Dengan luas Bukhara adalah 32% dari luas wilayah Uzbekistan dengan kepadatan penduduknya 8,2% mewakili negara tersebut. Kota ini mengalami masa kejayaannya pada abad ke-9 M sampai abad ke-13 M sebagai pusat peradaban Islam dan perdagangan di Asia Tengah, di samping Samarkand. Keduanya terletak di Jalur Sutra yang menghubungkan Tiongkok dengan Asia Barat dan terus hingga ke Eropa.

Soekarno dan Makam Imam Bukhori

Kisah Soekarno dan makam Imam Bukhari adalah tentang bagaimana Soekarno menggunakan syarat kunjungan ke Uni Soviet pada 1961 untuk meminta pemimpin Soviet, Nikita Khrushchev menemukan makam perawi hadits legendaris itu di Samarkand, Uzbekistan, yang saat itu tak dikenal dan terbengkalai, yang akhirnya ditemukan, dipugar, dan kini menjadi situs ziarah penting, menunjukkan diplomasi budaya spiritual Soekarno yang berdampak besar bagi dunia Islam. Pada tahun 1998, Presiden Uzbekistan, Islam Karimov, mulai membangun kompleks peringatan yang megah dan menyatakan Imam Bukhari sebagai wali intelektual negaranya. Pusara Imam Bukhari terletak tiga puluh kilometer dari Samarkhand, di sebuah desa bernama Khartang, di Uzbekistan, Asia Tengah.

Diusir oleh Tiga Penguasa

“Berjuanglah. Jika kamu berhasil dan menang, kamu akan kehilangan banyak orang yang kamu cintai. Tapi, jika kamu diam dan menyerah, mati pun lebih buruk daripada hidup,” ( Imam Bukhori)
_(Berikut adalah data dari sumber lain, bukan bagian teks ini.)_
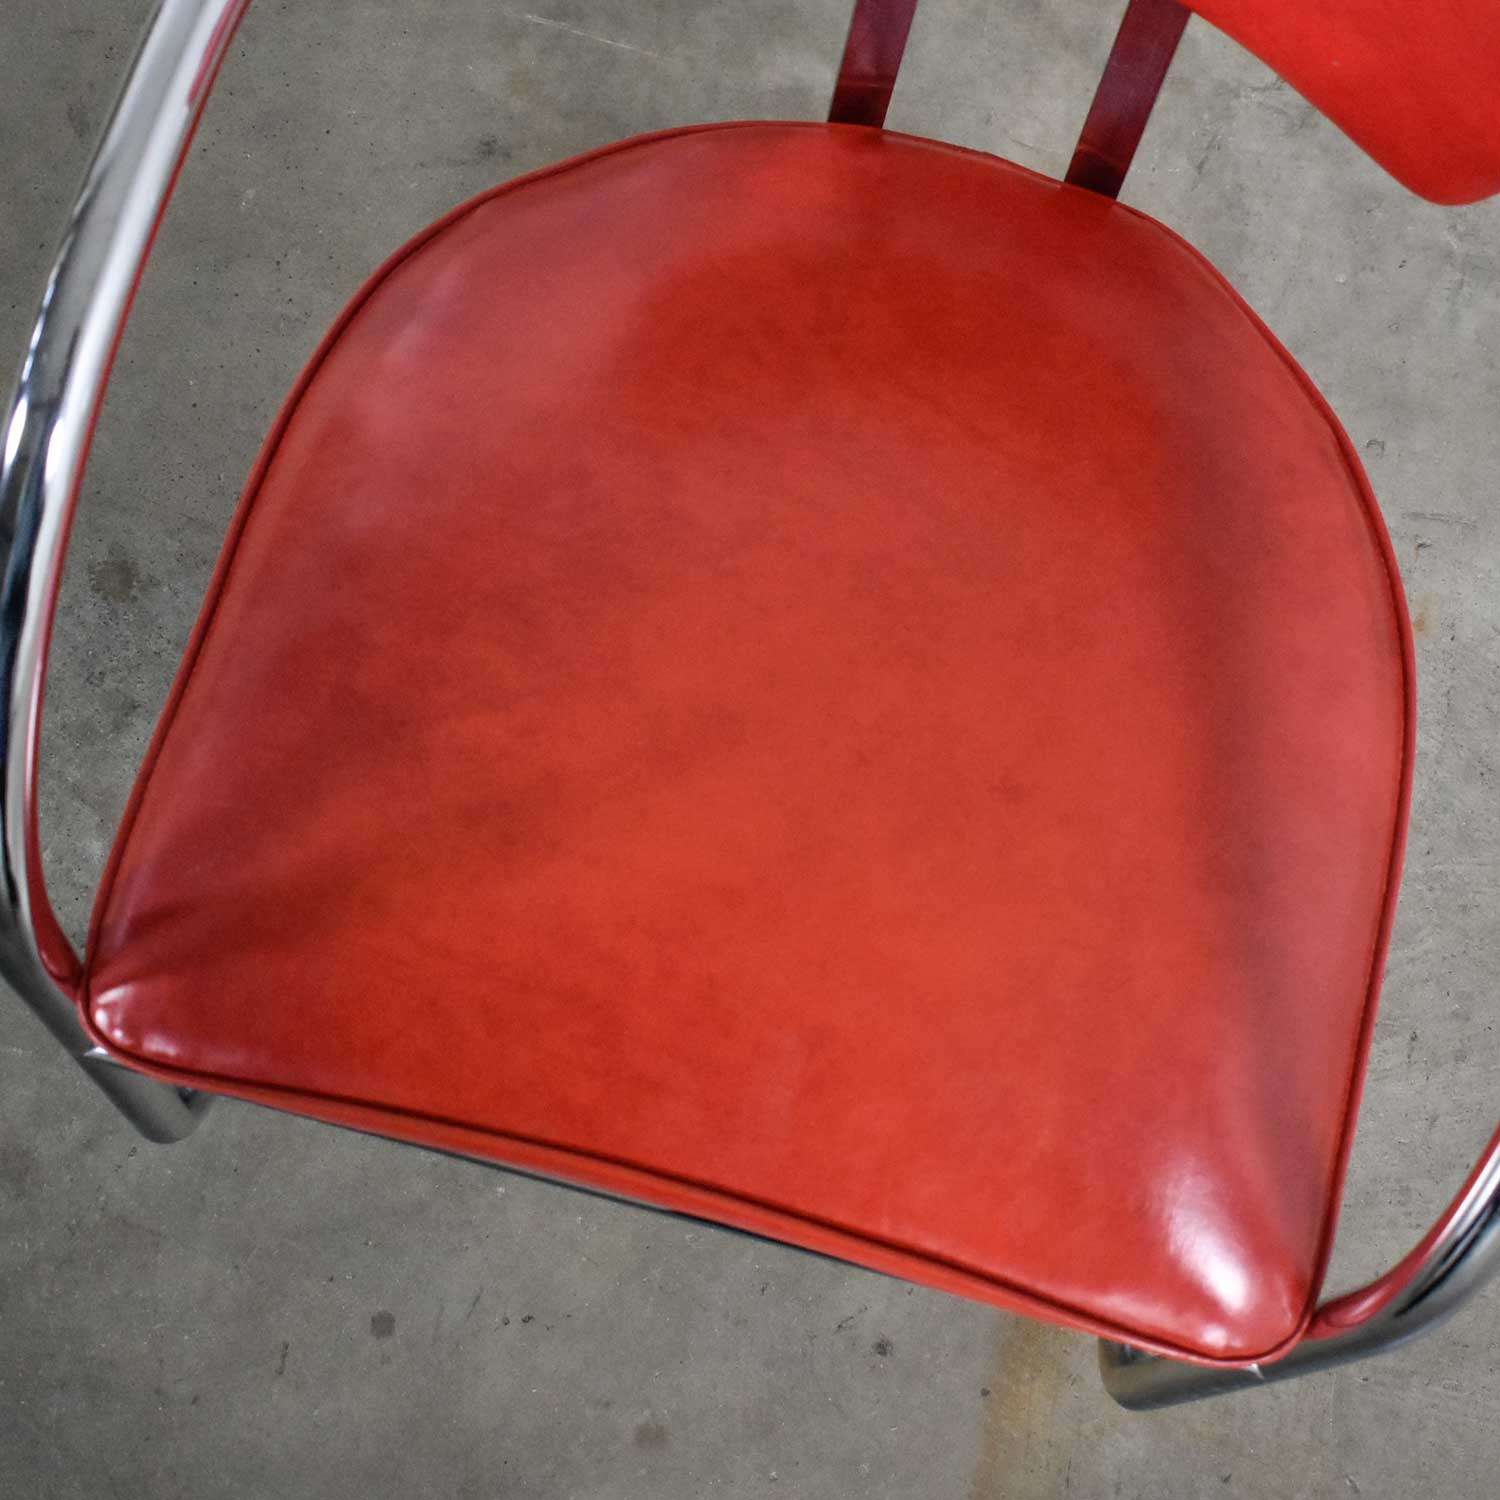 Art Deco Streamline Modern Bauhaus Cantilever Chair Chrome & Red Vinyl Attributed to Kem Weber for Lloyd’s Manufacturing

Imam Bukhari mendapat tekanan keras di akhir hayatnya dari penguasa kota-kota muslim. Lebih tepatnya kota Naisabur, Bukhara, dan Samarkhan.

Di antara sebabnya, pertama Imam Bukhari menolak mengajarkan anak-anak mereka di istana. Beliau selalu berkata: “Ilmu itu didatangi. Bukan dibawakan ke pintu-pintu” Kedua, Rasa iri sebagian orang terhadap Imam Bukhari karena ketenaran dan sejarah yang ditorehnya.

Ketika Imam Bukhari berumur 62 tahun, penguasa Naisabur memerintahkannya untuk keluar dari kota dan berkata bahwa keberadaannya tidak lagi diharapkan.

Beliau pun meninggalkan Naisabur hingga sampai di tanah lahirnya, Bukhara. Orang berbondong-bondong menyambutnya di gerbang kota dengan harta dan gula. Masyarakat biasa, penuntut ilmu, dan sebagian ahli hadist berkumpul di sana meninggalkan majelis ahli hadis lain sehingga hal itu membuat panas hati sebagian orang.

Tetapi tidak berselang lama, ketenaran itu membuat murka penguasa Bukhara, di samping datangnya surat dari penguasa Naisabur bahwa Imam Bukhari harus segera diusir dari Bukhara sebagaimana beliau diusir sebelumnya dari Naisabur.

Utusan penguasa Bukhara sampai di depan rumah dan meminta Imam Bukhari untuk segera meninggalkan Kota. Perintahnya berbunyi “Sekarang juga” beliau harus keluar!.

Imam Bukhari bahkan tidak diberi waktu untuk sekedar mengumpulkan dan merapikan buku-bukunya. Beliau terpaksa keluar kemudian berkemah di perbatasan Kota selama tiga hari untuk merapikan buku-bukunya sedangkan beliau tidak tau entah mau pergi kemana.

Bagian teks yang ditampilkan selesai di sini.